Очевидно, у Файе было важное сообщение, ибо остальные придвинулись к нему поближе. Файе говорил почти полчаса, время от времени оглядываясь, не подслушивает ли кто. Затем каждый вернулся к пиву и шнапсу. Во время этой передышки кто-то из сидевших за столом взял купленную Файе газету и стал просматривать. Агентам ФСБ казалось, что он пробегает первую страницу, как бы торопясь поскорее добраться до раздела спорта. Но тут нечто поразило его. Восклицание читавшего, видимо, встревожило других: все перестали пить и разговаривать и слушали, пока он читал газету вслух. Затем газета пошла по рукам. Было ясно, что они глубоко потрясены.
Один из агентов ФСБ достал из кармана смятый экземпляр той самой газеты, которую принес Файе. Он тоже купил ее в киоске.
— Ну-ка, поглядим, — сказал он, листая газету.
Агент быстро нашел то, что ему требовалось. Не могло быть сомнения, что немцев взволновала коротенькая репортерская заметка, сообщавшая о высадке диверсантов во Флориде.
Тем временем подошли другие агенты из нью-йоркского отделения ФСБ, готовые начать слежку за каждым, кто присутствовал на «совещании» в пивной. К утру Гувер знал личность каждого из этих людей. Оказалось, их имена знакомы ему уже давно: все они были членами «Германо-американского союза» и давно находились под наблюдением ФСБ, исходившего из предположения, что если до сих пор они еще не совершили ничего преступного, то не преминут сделать это в благоприятный момент. А момент, казалось, наступил. Гувер не сомневался, что нацисты в Йорквилле, Лонг-Айленде и других местах были извещены о предстоящем прибытии диверсантов и готовились всячески содействовать им.
В Чикаго была установлена слежка за миссис Гердой Меланд, невестой Герберта Хаупта, скромного чикагского оптика, который оставил ее год назад, объяснив, что «уезжает на некоторое время». Впрочем, миссис Меланд, хорошенькую девушку, работавшую в косметическом кабинете, не подозревали в симпатиях к нацистам.
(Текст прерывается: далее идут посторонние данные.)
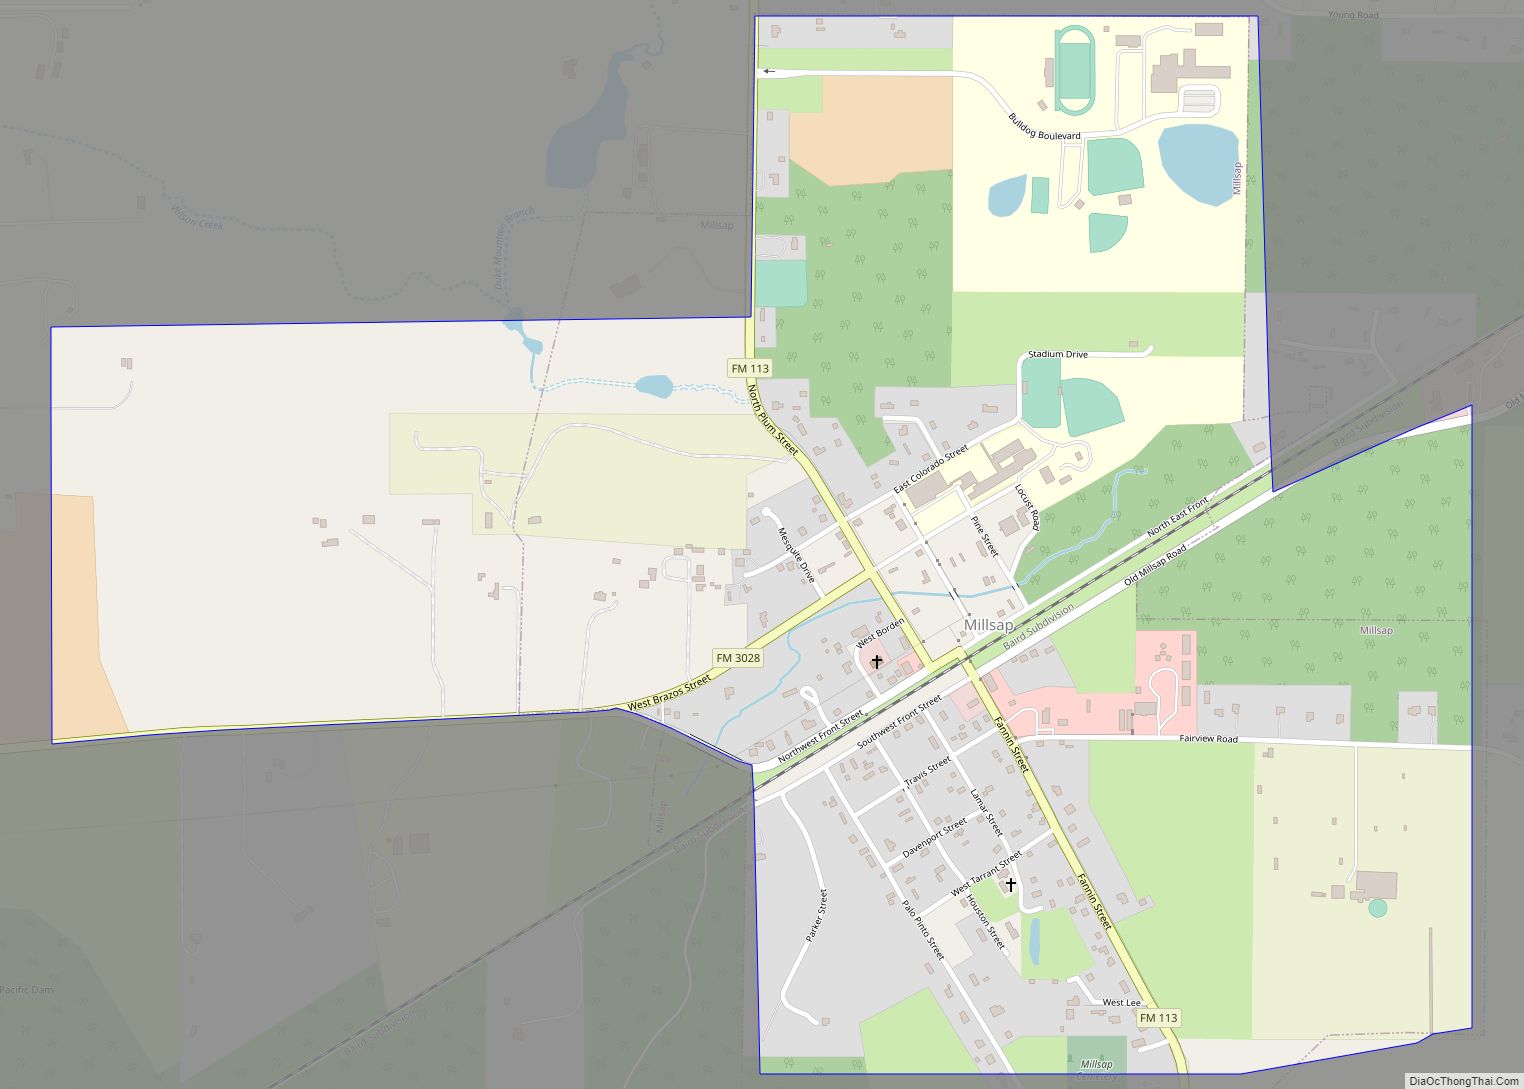 Map of Millsap town

Но агенты предполагали, что Хаупт постарается повидаться с ней и в объяснение своего отсутствия сочинит какую-нибудь историю. Вряд ли Хаупт, если только он был одним из четырех, высадившихся во Флориде, — а это предположение было обосновано его связями с Керлингом, — не захотел бы повидаться с такой хорошенькой молодой женщиной, как миссис Меланд.
Считая, что женщина не выдаст своего возлюбленного, агенты решили к ней не обращаться. Они достали список клиенток косметического кабинета, где работала Меланд, и нашли подходящую особу. Миссис Меланд причесывала ее уже больше года. Этой женщине, как было известно ФСБ, можно верить безоговорочно. Поэтому ее попросили при случае осведомиться у миссис Меланд о ее друге.
В полдень 22 июня клиентка делала себе прическу и маникюр. Герда была, казалось, в хорошем настроении и во время работы даже что-то напевала.
— Вы кажетесь очень счастливой сегодня, Герда, — сказала клиентка. — Неужели вернулся ваш друг сердца? Или вы встретились с кем-нибудь другим?
Герда улыбнулась.
— Мадам, вы угадали. Он вернулся.
Женщина, тщательно проинструктированная, какие вопросы задавать, понятия не имела, зачем нужны эти сведения: иначе она могла бы невзначай выдать себя.
— Что же он, все такой же?
— О, я с ним еще не виделась, — сказала Герда. — Мне позвонила его мать.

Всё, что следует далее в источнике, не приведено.